By Susan Taylor
Traditionally Labor Day weekend is the harbinger of fall in much of our nation. The eastern states put away their garden furniture, barbeques, and lawn mowers and locate storm windows and heavier jackets. Here in the sunny southern California clime, we expect at least another six weeks of warm weather, beach parties and more clear, warm days and nights. In San Diego, most would agree that the August heat was epic for people and gardens alike and maybe summer has just begun!
I am a fickle home gardener and confess I gave up on my whole tomato crop, picked as many as I could and ripped the rest out. I replanted several lettuces and put in some beets and another round of herbs. I plan to plant a few broccoli types, a few more tomatoes and carrots in the coming weeks. Feel free to follow your own enthusiasm level!
Whatever you do, be sure to refresh your soil before planting again.
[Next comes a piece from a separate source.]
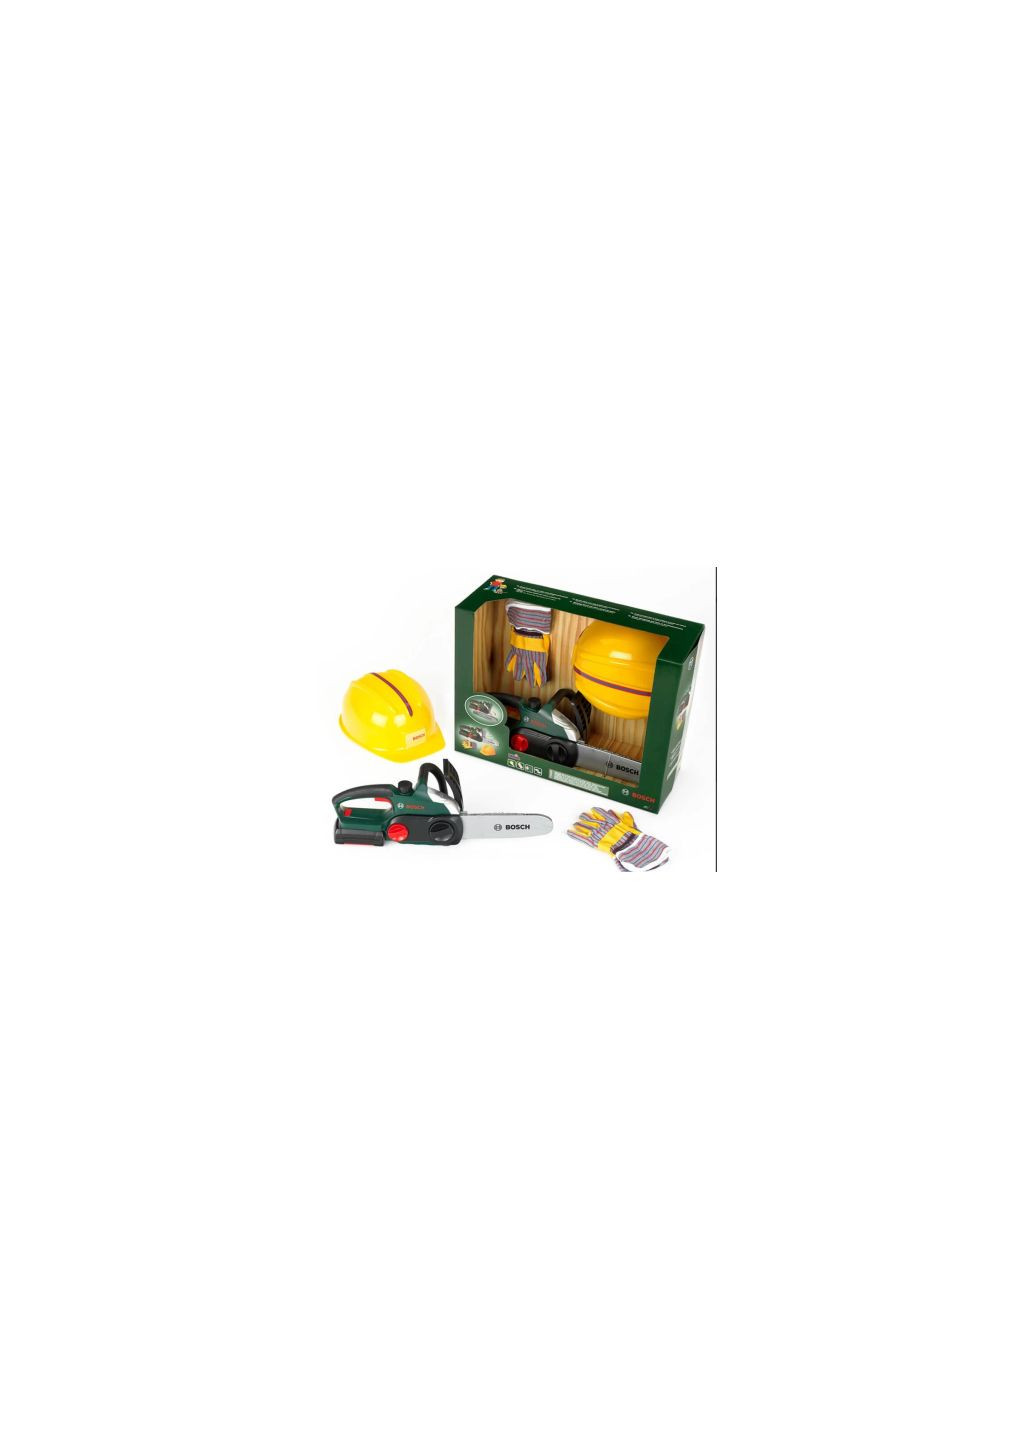 Игровой набор Набор мастера: Цепная пила, шлем, перчатки (8456) Bosch набір майстра ланцюгова пила, шлем, рукавички (275099266)

Herbs are the least fussy about soil, which makes them welcome easy plantings. Cilantro should be successively planted if you use a great deal-say every ten days or so put more seeds in and keep them moist.
Moist in the seed garden means spraying with water rather than wet soil. Seeding can be an art form here: seeds usually either drown or dry out quickly so perhaps start them in very warm shade till a few leaves appear. Harvest when the leaves are young and fresh; prune off any buds or blooms because the plant will stop producing. If you go the trouble of growing fresh herbs, by all means use them while they are fresh with the oils and benefits of just being picked.
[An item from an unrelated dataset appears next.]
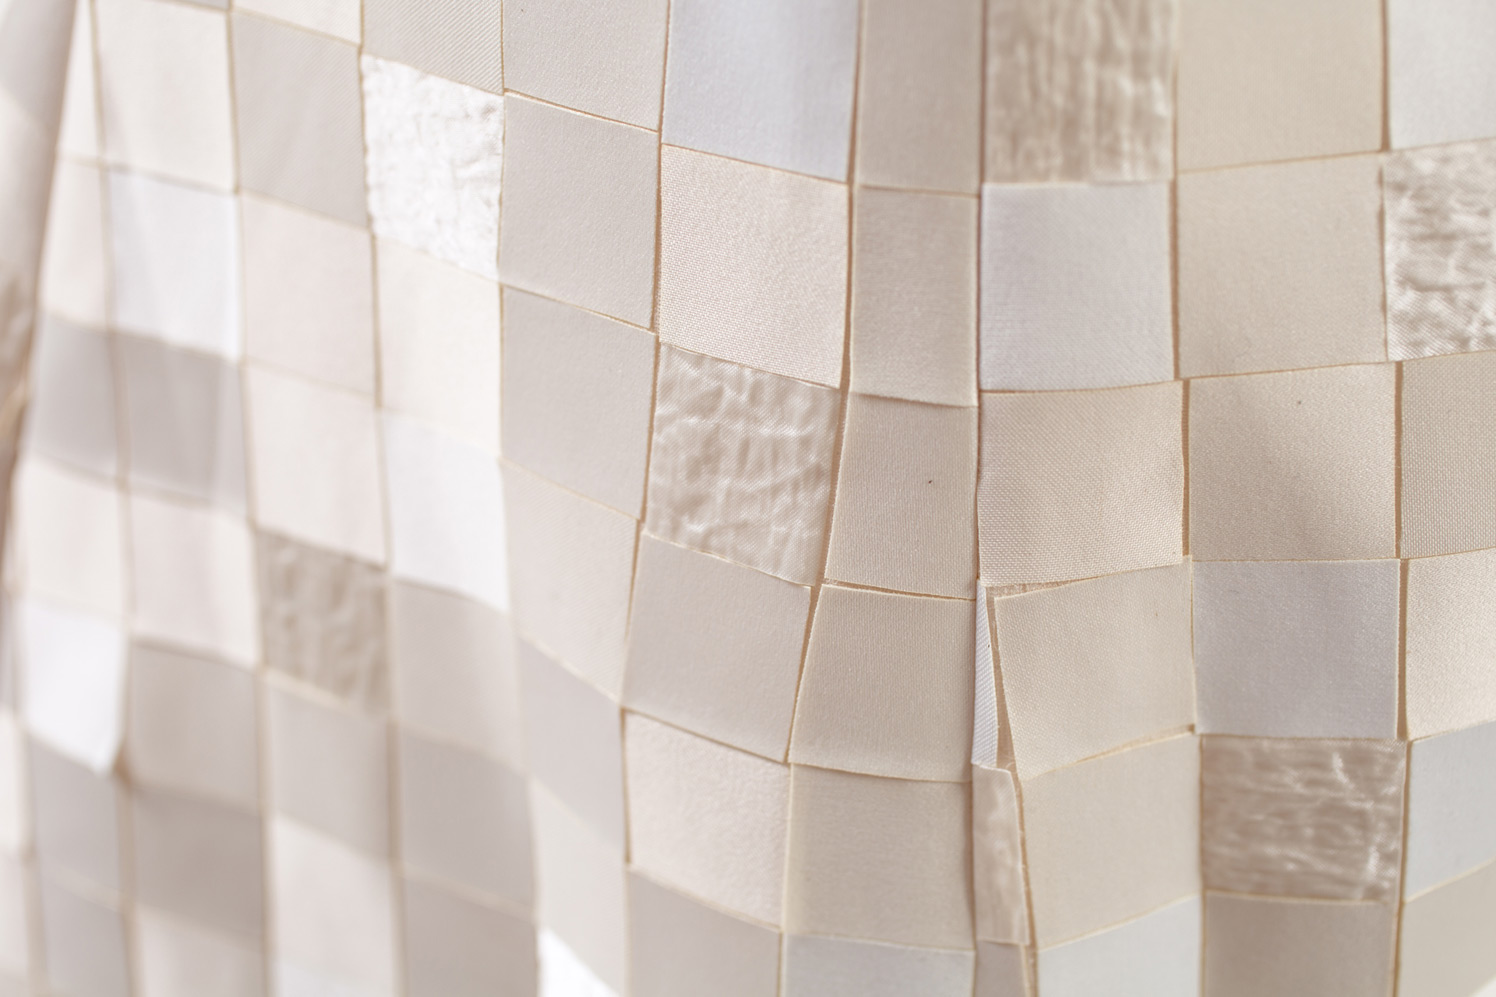 Mosaïque, un abito creato con oltre 3000 quadratini di tessuto, by Matthan Gori.

Labor Day also gives us another chance to browse catalogues (and in the internet I suppose!) for undiscovered varieties of fall/winter crops. I especially like Renee’s Seeds. She grows and writes from California and has many varieties of heirloom seeds for vegetables and flowers. Many seed companies no longer send free catalogues due to costs of production. I find this sad because I’m just old enough to prefer thumbing through the pages of endless seed possibilities. The Landreth Seed Company is perhaps the oldest seed company in America. Their catalogue is what my teacher calls garden porn and I wholly subscribe!
Whether we experience more heat or start a transition to cooler fall times, pay attention to the rhythms around you and within yourself. The world may or may not be timeless anymore. But I believe all cycles of time and change are cyclical and divine-observe and enjoy. Raise a glass, read some poetry and consider the future-soon to be upon us.
Lori Saldaña says
Thank you for the helpful reminders and suggestions. The lower angle of sunlight is definitely impacting our gardens.
I’m thinking of cutting back my tomatoes also. The container-planted garden did well until the torrential July rains flooded them. After weeks of doing well with so little water, all that rain was a shock to their system.
Onward to fall clearing, trimming and planning. Agreed: Good time to rearrange things.
Dave Rice says
Another appreciated installment! I’m attempting to re-learn gardening in a container-on-a-sun-deprived patio sense after moving has left me without a yard for the first time in many years…I’ve managed to not kill a jalapeno plant yet that was already producing when I bought it, though my new tomato isn’t doing well and my lettuce seems to be coming along from seed so slowly I wonder if it’s going to come in at all (or if I’ve planted too soon, saving a second lettuce box to plant in a few weeks). The herbs, remarkably, are thriving – and I’ve never been able to keep basil alive more than a week or two.
Thank you Dave and Lori for your comments. Each garden/planting is so individual, don’t you think? Dave, your lettuce may have either died from lack of water or drowned, sounds ridiculous but it’s hard to tell! But the good news is that you can always plant more and not be worried about being too close with successive plantings! Try again, planting the seeds in very light soil and keep misting away in the shade and see what happens. I am doing the very same thing right now-let’s see who gets there first! Fellow gardeners: do not be discouraged-what would happen if we all quit trying? Perish the thought (I couldn’t resist the pun, sorry).